It keeps trying to add route for a pod which exists.

Ok, I've implemented your solution @maulikjs, as you stated the service was load balancing between the 3 pods even though two of them were not ready, hence the API route error.
Adding readinessProbe to check if the service is up, so it can start accept traffic. Changes are live here: opendatahub-io/odh-manifests#460

maulikjs · 2021-07-22T11:08:44Z

I can confirm this is due to the pods being reported as missing and the proxy routing the request to pods which are waiting for leader and arent running JH yet.
We need to add a readinessProbe which wont report the pod as running until it is actually the leader.

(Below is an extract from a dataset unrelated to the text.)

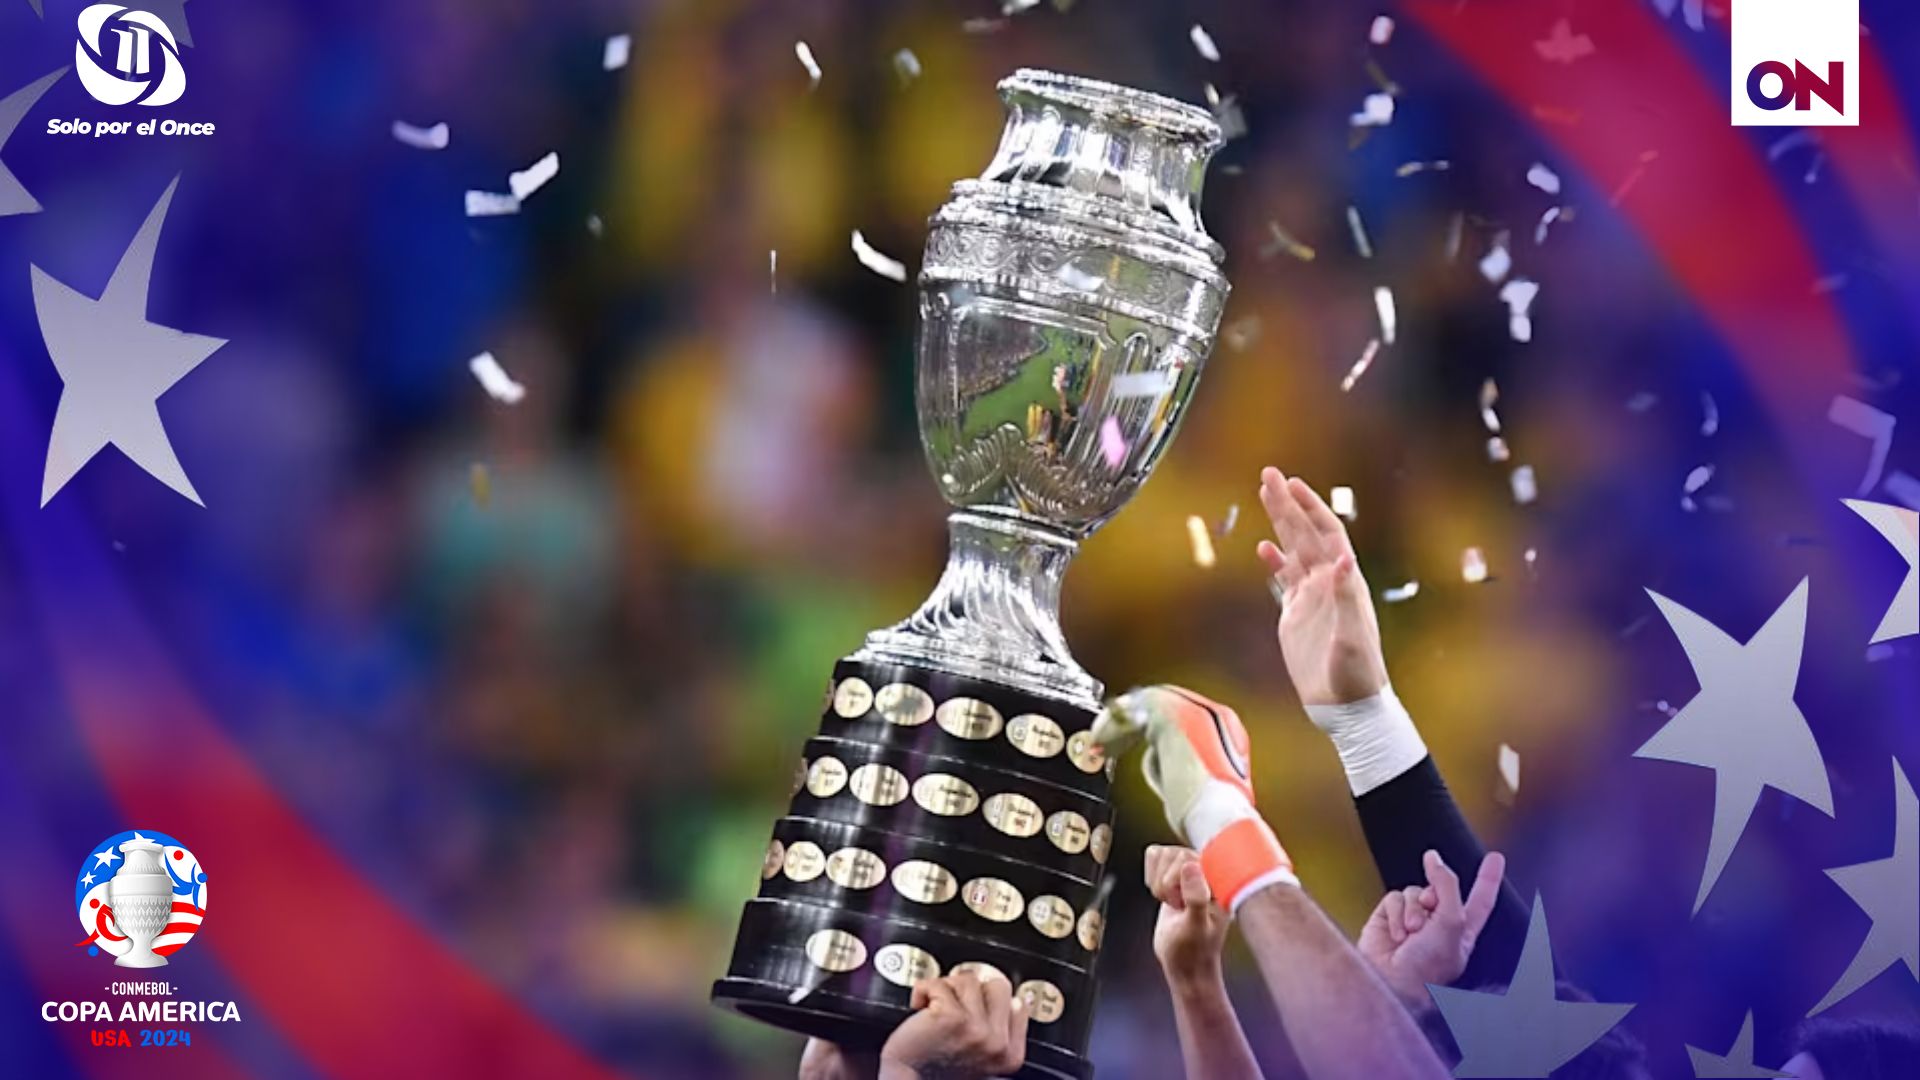 La Copa América, se trata un evento importante y en esta ocasión se estará desarrollando en Estados Unidos, anteriormente se informaba que su anfitrión sería Ecuador, pero descartó por completo.

vpavlin · 2021-07-22T13:01:23Z

We need to add a readinessProbe which wont report the pod as running until it is actually the leader.

Will that result in failing/restarting pods when the readinessProbe check potentially never gets satisfied?

maulikjs · 2021-07-22T13:09:47Z

We need to add a readinessProbe which wont report the pod as running until it is actually the leader.

Will that result in failing/restarting pods when the readinessProbe check potentially never gets satisfied?

Nope, we add either do not add a livenessProbe or empty livenessprobe which always evaluates to true.
Based on how @lucferbux configured the deployment, the readinessProbe will check for a service running on port 8081 which is started when jupyterhub actually starts and thanks to this jupyterhub will only start when its the leader. So we will always only have 1 active pod with both containers running and 2 standby pods waiting in a not-ready state to get a lock and become the leader.

Once we add traefik into the mix this would mean user pods will be accessible no matter what and jupyterhub will at max have a downtime of ~12 seconds, 6 seconds for it to go through the leadership check and approx 6 more (as per my testing on osd) for the standby pod to start running and become the leader.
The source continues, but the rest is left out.